Your AI Agent Demo Is Impressive. Will it Break in Production?
The gap between a working demo and a production system is where most AI agent projects die. Here's how we think about building agents that are actually reliable.
The demo-to-production gap
We've seen this pattern repeatedly. A team builds an AI agent demo in a couple of weeks. It handles the happy path well. Leadership sees it and greenlights production.
Then reality hits. A customer writes in French; the agent responds in English with a French greeting. Another references a two-year-old order in a legacy system the agent can't access; it confidently invents an order number. A third asks something outside the agent's scope, and instead of acknowledging uncertainty, it improvises badly.
A demo that works 90% of the time is compelling. A production system that fails 10% of the time is a liability.
What "deterministic" means in practice
People push back on this term. "LLMs are probabilistic — you can't make them deterministic." They're right about the models, but that's not the point.
Deterministic agent behavior means the same situation produces the same outcome. Not identical tokens from the model — that's neither possible nor necessary. What matters is consistency of action. If a customer qualifies for a refund, the agent processes it. Every time. If they don't qualify, it explains why. Every time. The model doesn't occasionally make an exception because it felt generous.
You achieve this by building constraints and validation around the model, not by changing the model itself.
The architecture
Structured outputs
This is the single highest-impact change. Don't let the model respond in free-form text when making decisions. Force it into validated schemas.
When the agent decides to update a customer record, the output should be a JSON object with required fields and type constraints — not a natural language paragraph you have to parse. Structured outputs prevent an entire class of errors at the source: the model can't hallucinate an invalid action if the schema doesn't permit it.
State machine design
Every production agent we build is a finite state machine. Each state has defined entry conditions, allowed actions, and exit criteria.

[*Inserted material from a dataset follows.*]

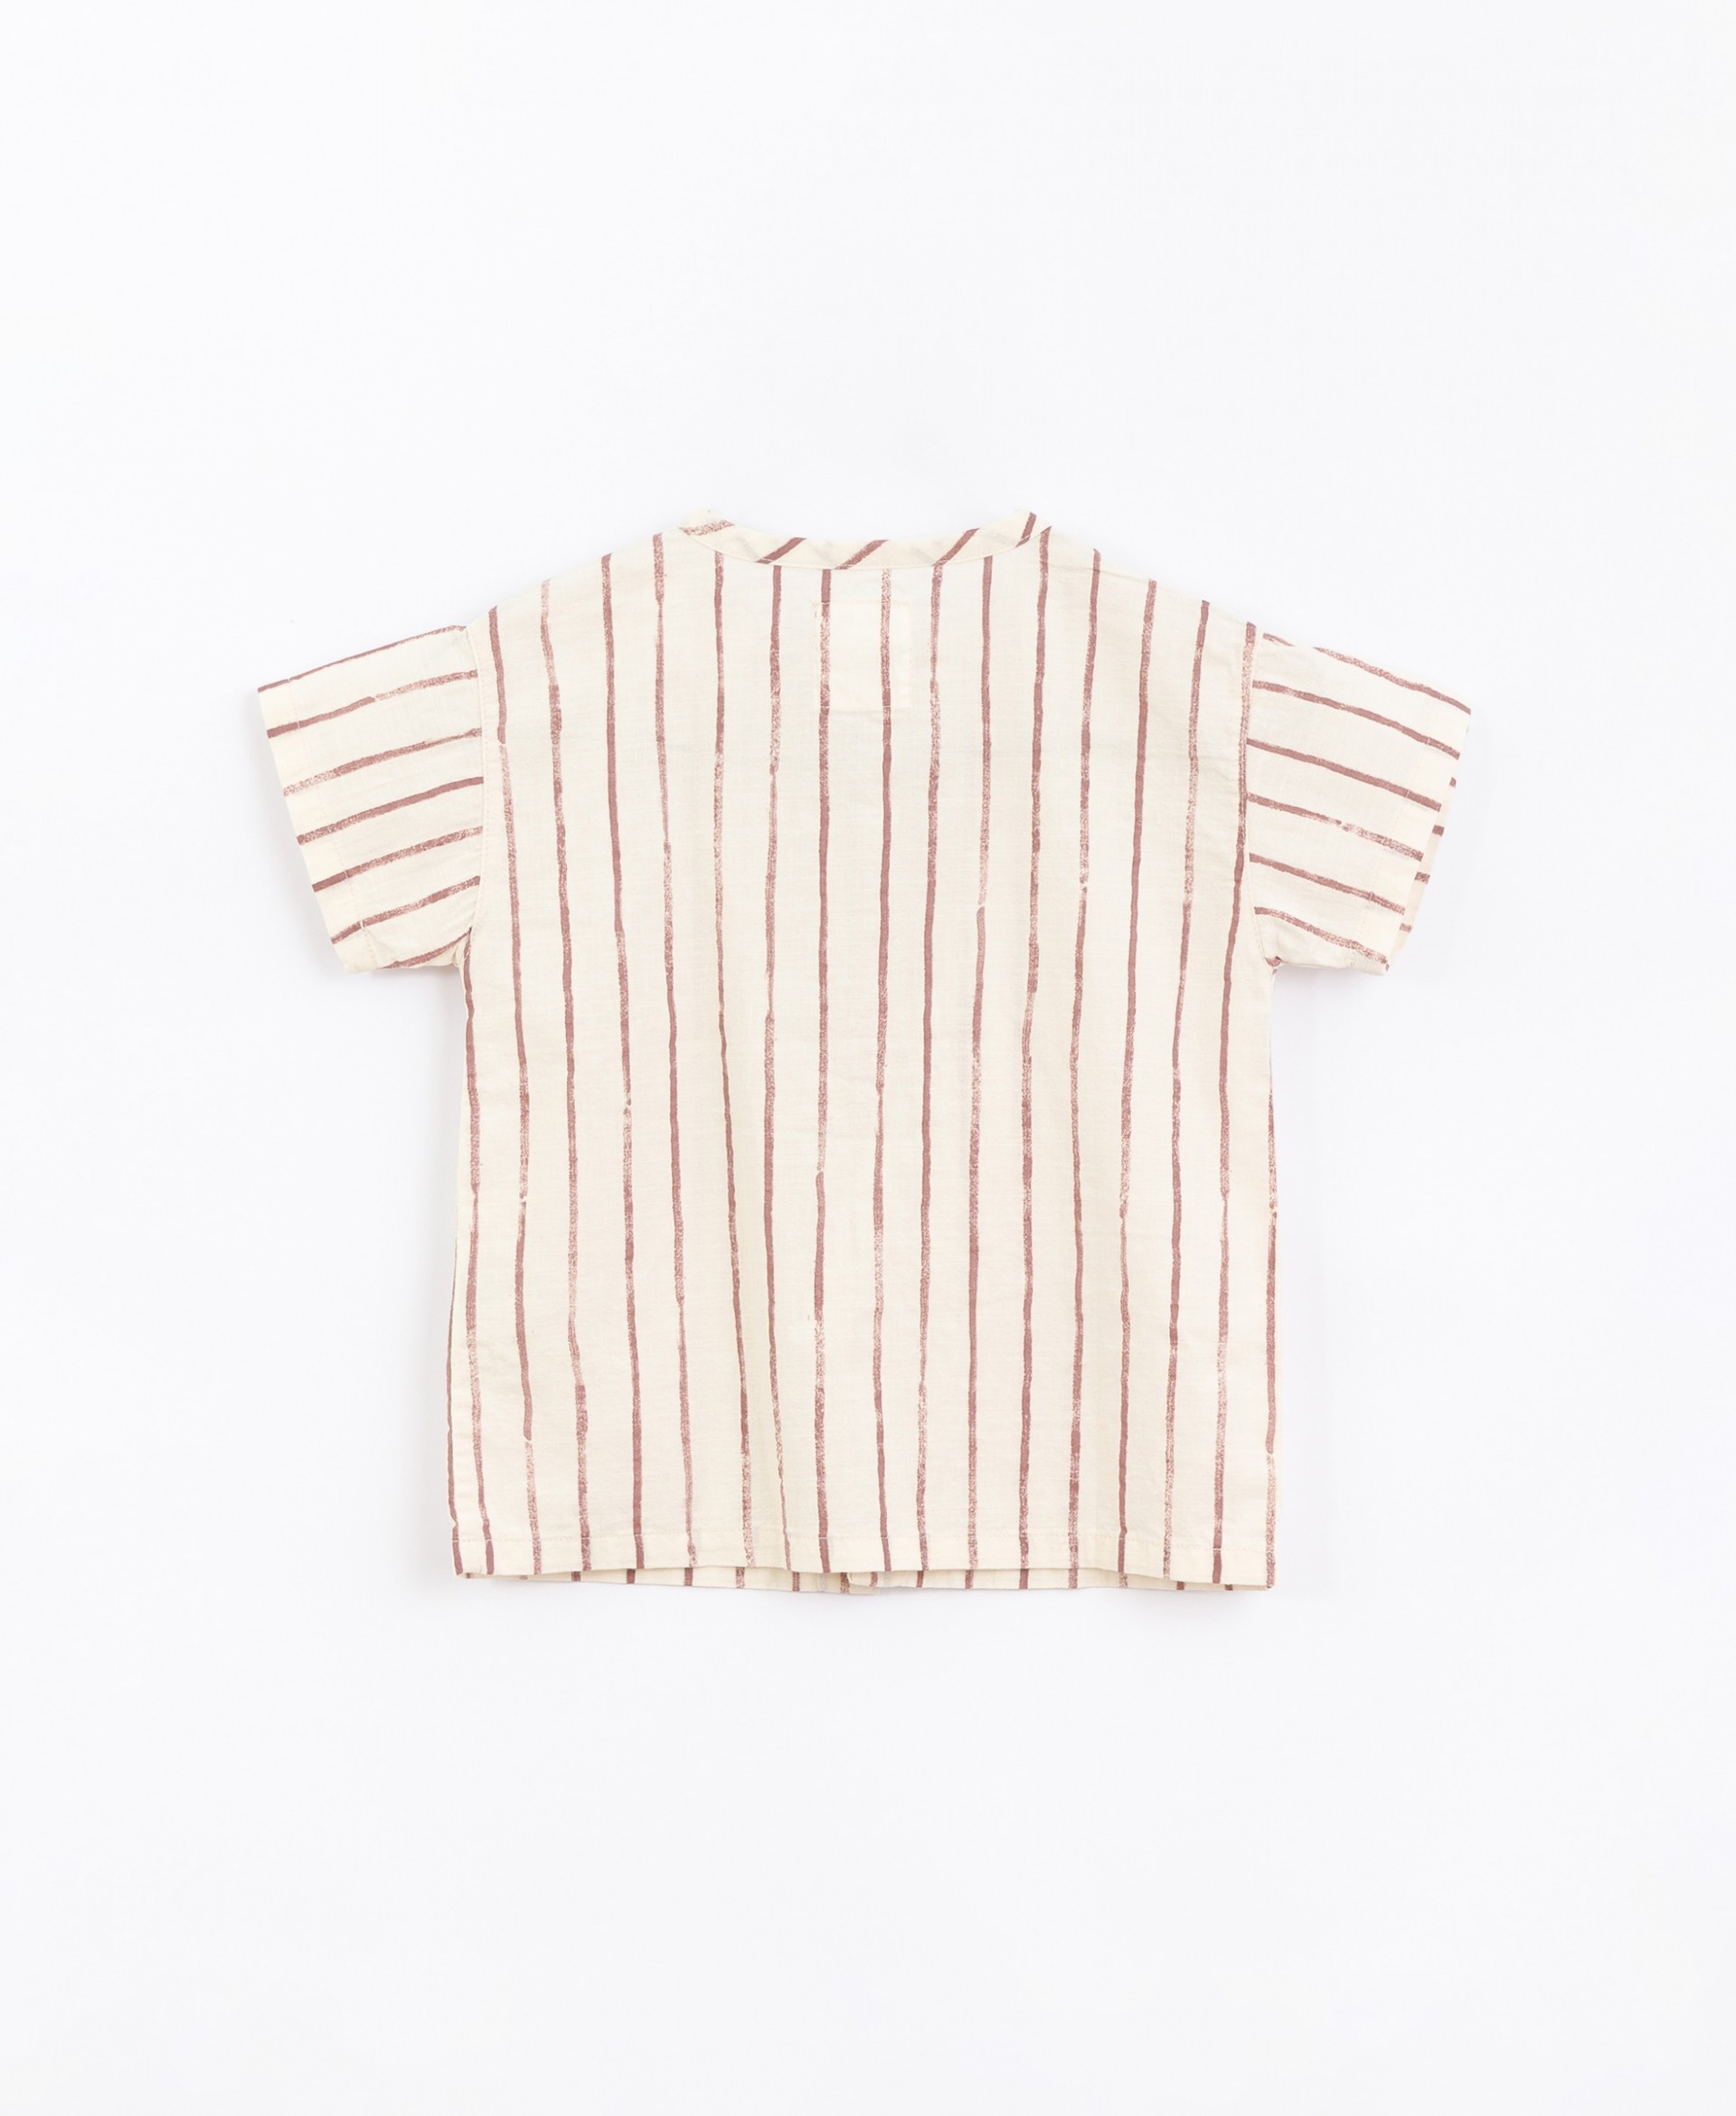 Shirt in blend of natural fibers | Basketry

A refund agent's states: verify identity → check eligibility → calculate amount → process refund → confirm with customer. The agent can't skip steps or loop indefinitely. Each transition is gated by validation logic.
This is deliberately rigid. In production, rigid and reliable beats flexible and surprising.
Layered validation
Every action passes through multiple checks before execution:
Input validation catches malformed data before the model processes it. If the payload doesn't match the expected schema, reject it immediately.
Policy checks enforce business rules. Refund over $500 needs a human. Customer flagged for fraud review — nothing processes automatically. These rules exist outside the model and override its decisions.
Output validation catches model mistakes before they reach the customer. Did it include PII it shouldn't share? Did it recommend an action that violates policy?
Idempotency
Networks fail, services time out, requests get retried. If your agent processes a refund and the confirmation call fails, the retry shouldn't create a second refund. Every agent action must be idempotent — standard practice in distributed systems, but often overlooked in agent architectures.
Observability as a requirement
Deterministic behavior without observability is just optimism. You think it's working correctly, but you don't actually know.
Every agent decision should produce a trace — not just input and output, but the full chain: what data did it see, what did the model return, which validations fired, what action was taken, and how long each step took.
When something goes wrong, these traces are the difference between a 20-minute diagnosis and a two-day investigation. They're also what you show your compliance team when they ask "how do you know this agent is doing the right thing?"
Testing requires different approaches
Standard unit tests aren't sufficient. Agent testing demands specialized strategies:
Scenario testing: Define hundreds of realistic inputs — including edge cases and adversarial inputs — and validate correct outcomes for each.
Regression testing: Model version bumps can subtly change behavior. Run the full scenario suite after every change.
Chaos testing: Simulate real-world failures — API timeouts, malformed responses, rate limits — and verify graceful degradation.
Human evaluation: Some quality dimensions — tone, helpfulness, judgment — resist automated measurement. Regular human reviews complement metrics.
An architectural commitment
Reliability isn't a feature you add later. It's an architectural commitment that touches every layer: model selection and configuration, prompt design, system architecture, infrastructure, and deployment processes.
It's more work upfront. But the alternative is an agent that impresses in demos and generates support tickets in production.
The teams that invest in this architecture end up with something valuable: AI agents their engineers, their customers, and their regulators can actually trust.